The FJC data is our canonical source for judicial seat timelines, judge demographics, and nomination failures.

### Check if FJC data exists or download if needed

In [None]:
# Check if required FJC data files exist and download any missing ones
from nomination_predictor.config import EXTERNAL_DATA_DIR
from nomination_predictor.fjc_data import (REQUIRED_FJC_FILES,
                                           ensure_fjc_data_files,
                                           load_fjc_data)

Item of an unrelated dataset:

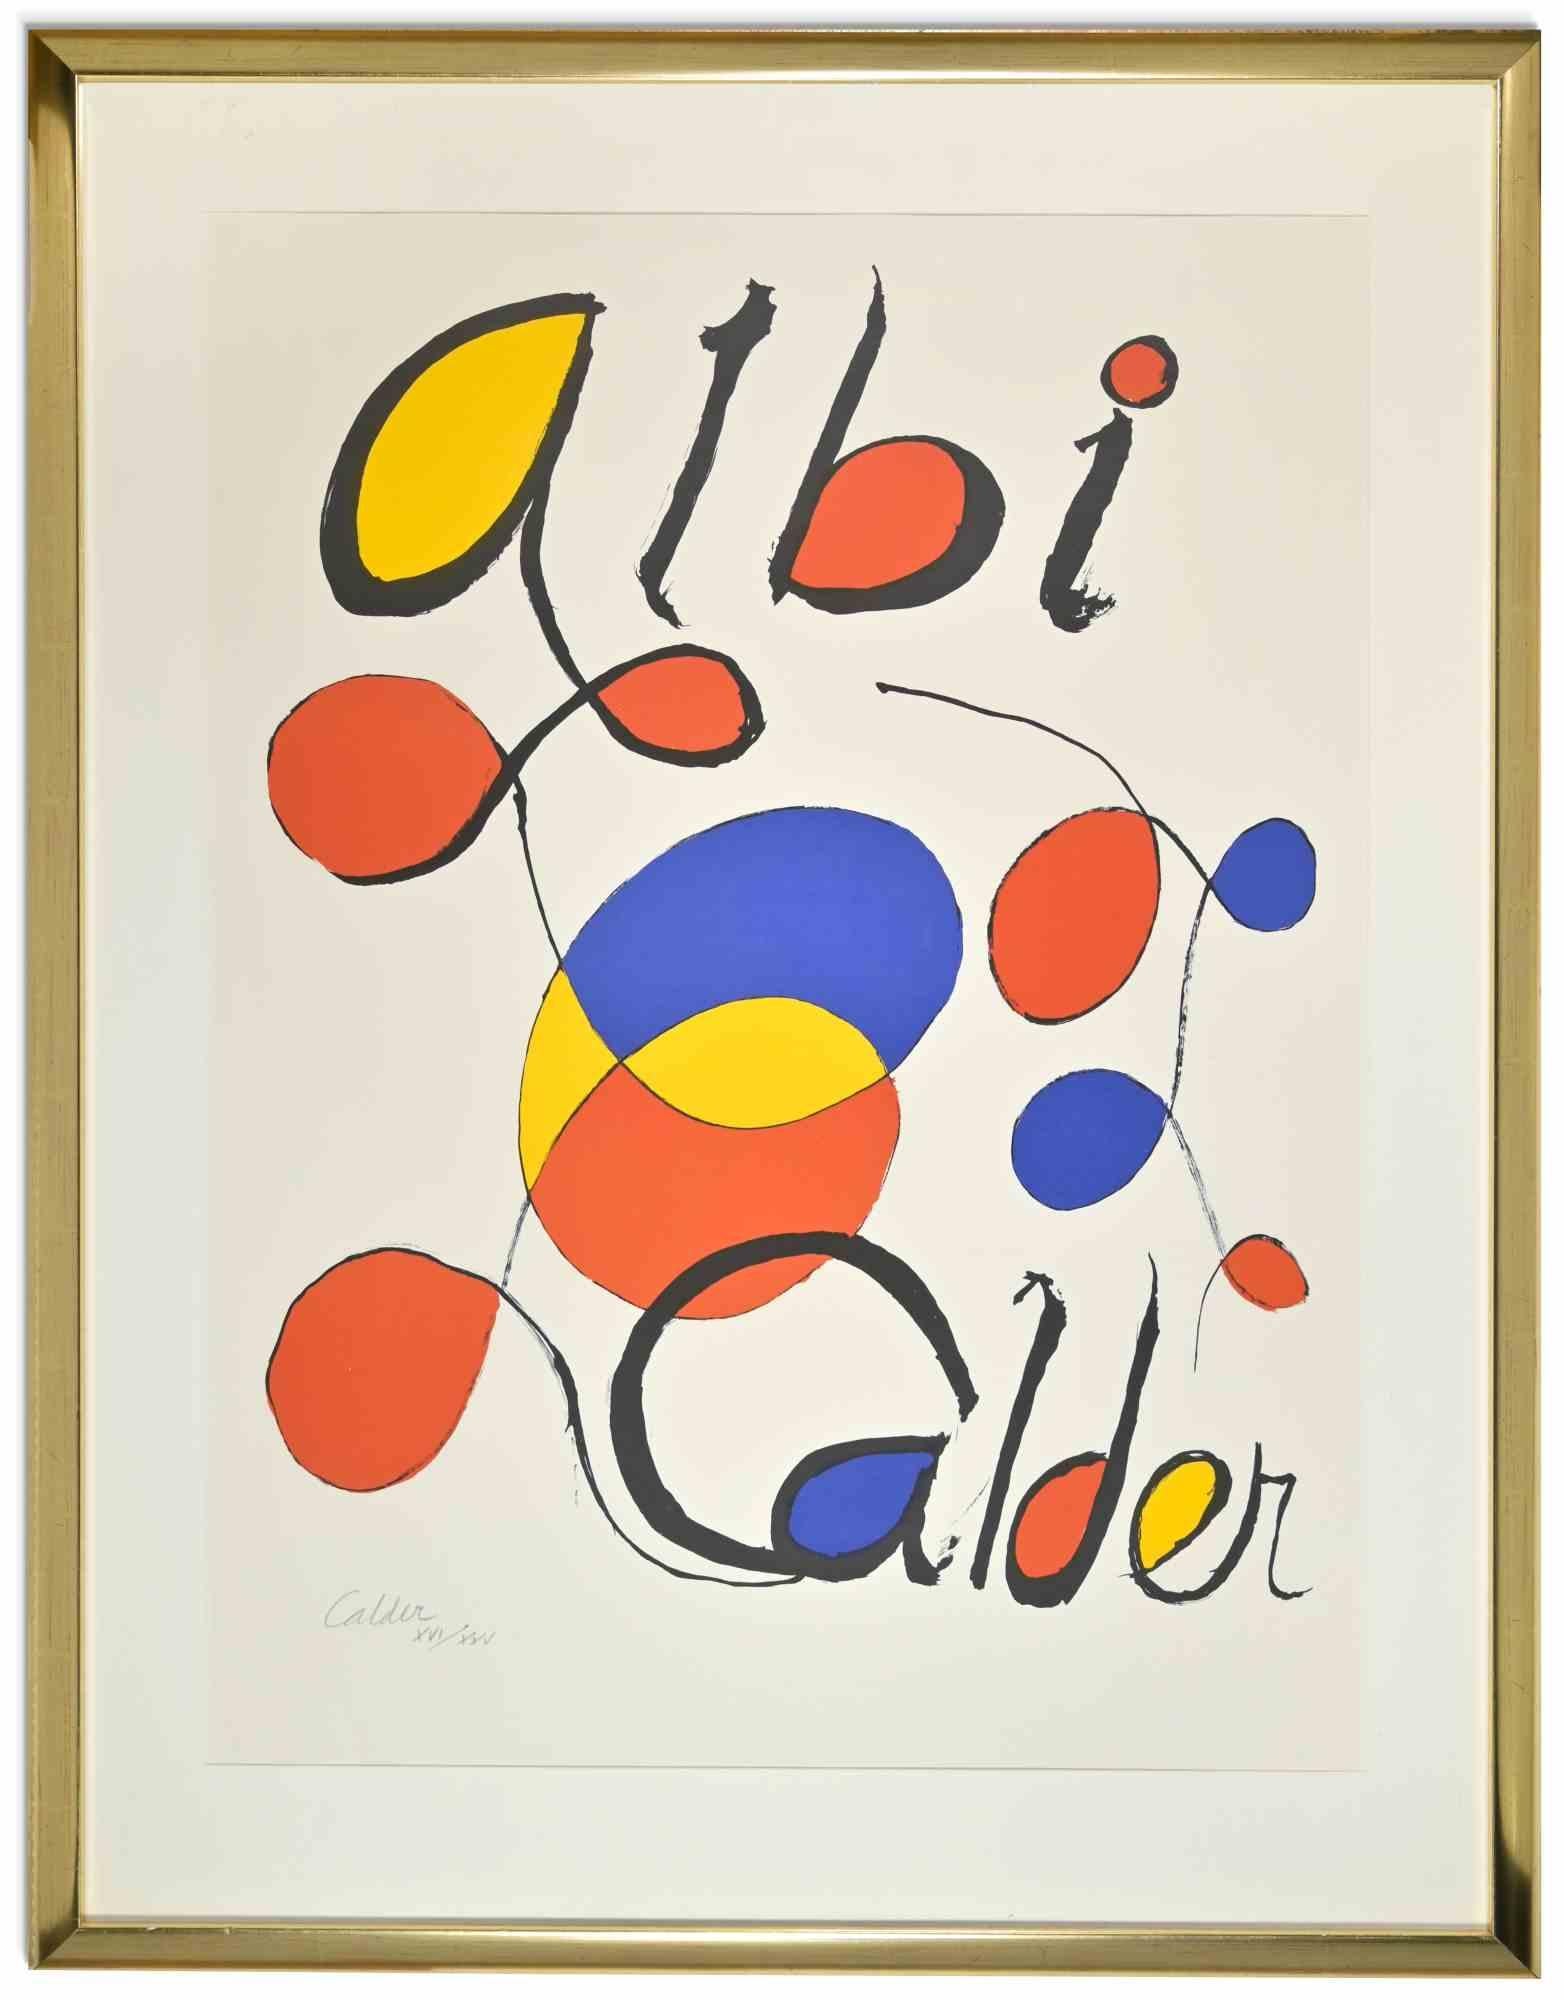 Albi is an artwork realized by Alexander Calder in the learly 1970s. 

Lithograph on Vellum, cm. 82x61.5 (framed 100x82 cm).

Signed in pencil in the lower left 'Calder' and numbered in pencil 'XVI/XXX'.

Framed under glass.

Very good condition.

# Check for missing files and download them if needed
downloaded, failed = ensure_fjc_data_files()

# Report status
if downloaded:
    print(f"✓ Downloaded {len(downloaded)} previously missing files: {', '.join(downloaded)}")
if failed:
    print(f"❌ Failed to download {len(failed)} files: {', '.join(failed)}")
    
# Also report on which files are present
present_files = [f for f in REQUIRED_FJC_FILES if (EXTERNAL_DATA_DIR / f).exists()]
if len(present_files) == len(REQUIRED_FJC_FILES):
    print(f"✓ All required FJC data files are available in {EXTERNAL_DATA_DIR}")
else:
    missing = set(REQUIRED_FJC_FILES) - set(present_files)
    print(f"⚠️ Still missing {len(missing)} required files: {', '.join(missing)}")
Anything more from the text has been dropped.